5. If the Defendant breaches the terms of this Order or the Settlement and/or withdraws or stops payment on any tender of the Settlement Amount or fails to immediately pay the full Settlement Amount, then the limitation of liability and other benefits granted to the Defendant in this Order shall be null, void and of no effect, and the Consolidated Debtors shall be entitled to have this Order vacated, to reinstitute this adversary proceeding and/or to otherwise fully pursue the causes of action set forth in the Complaint, as if no Settlement had occurred, along with any claims for damages suffered by the Consolidated Debtors or their estates, and in any such circumstance, the Defendant shall be barred from asserting any defense to such actions on the basis of the Settlement or any term set forth this Order.

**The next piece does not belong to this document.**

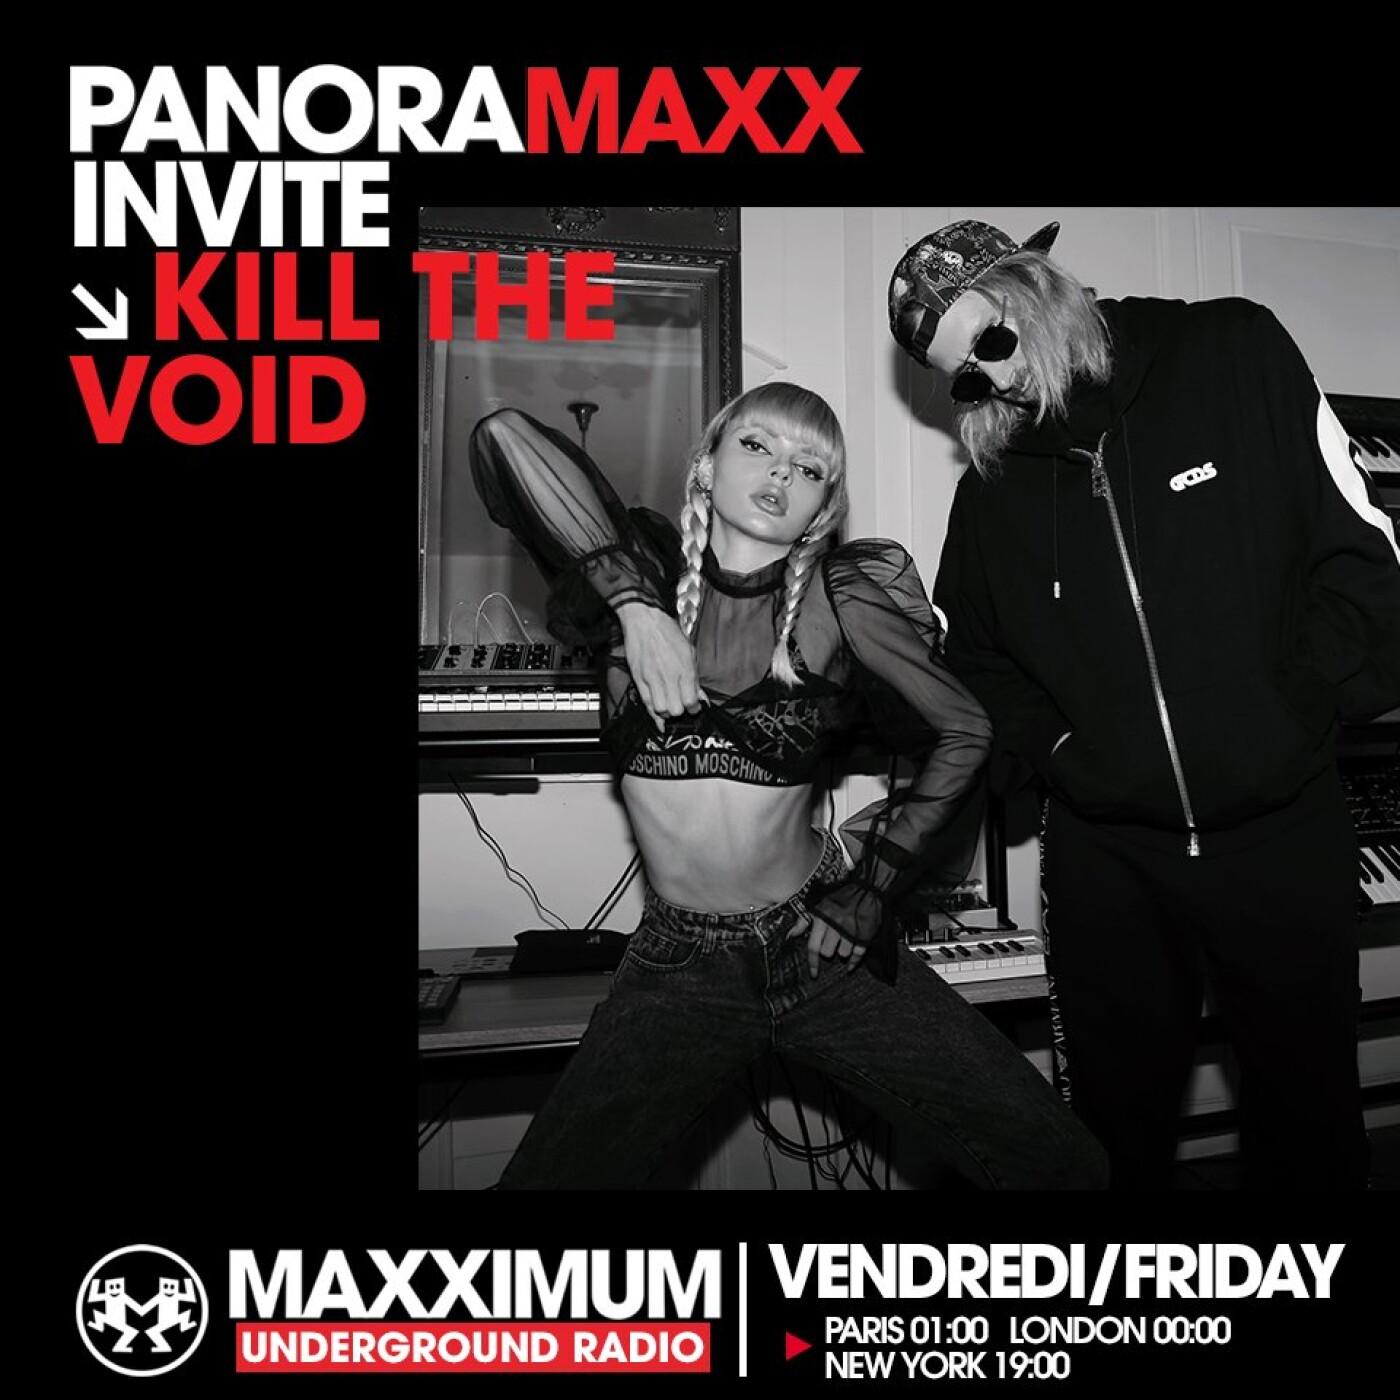 PANORAMAXX : KILL THE VOID

6. Except to the extent a particular claim is specifically allowed or disallowed by the terms of this Order, neither the agreement of the Consolidated Debtors to the Settlement nor the terms of this Order shall be deemed to be a waiver, judicial determination, res judicata or preclusive, of any rights that the Consolidated Debtors might otherwise have to object or otherwise dispute, on any grounds, any claim asserted by the Defendant.
7. Except to the extent the Court does not have subject matter jurisdiction under applicable law, any matters or disputes related to the enforcement of the terms of this Order or that otherwise arise from, or are related to this Order, shall be heard by this Court unless otherwise agreed in writing by the Parties.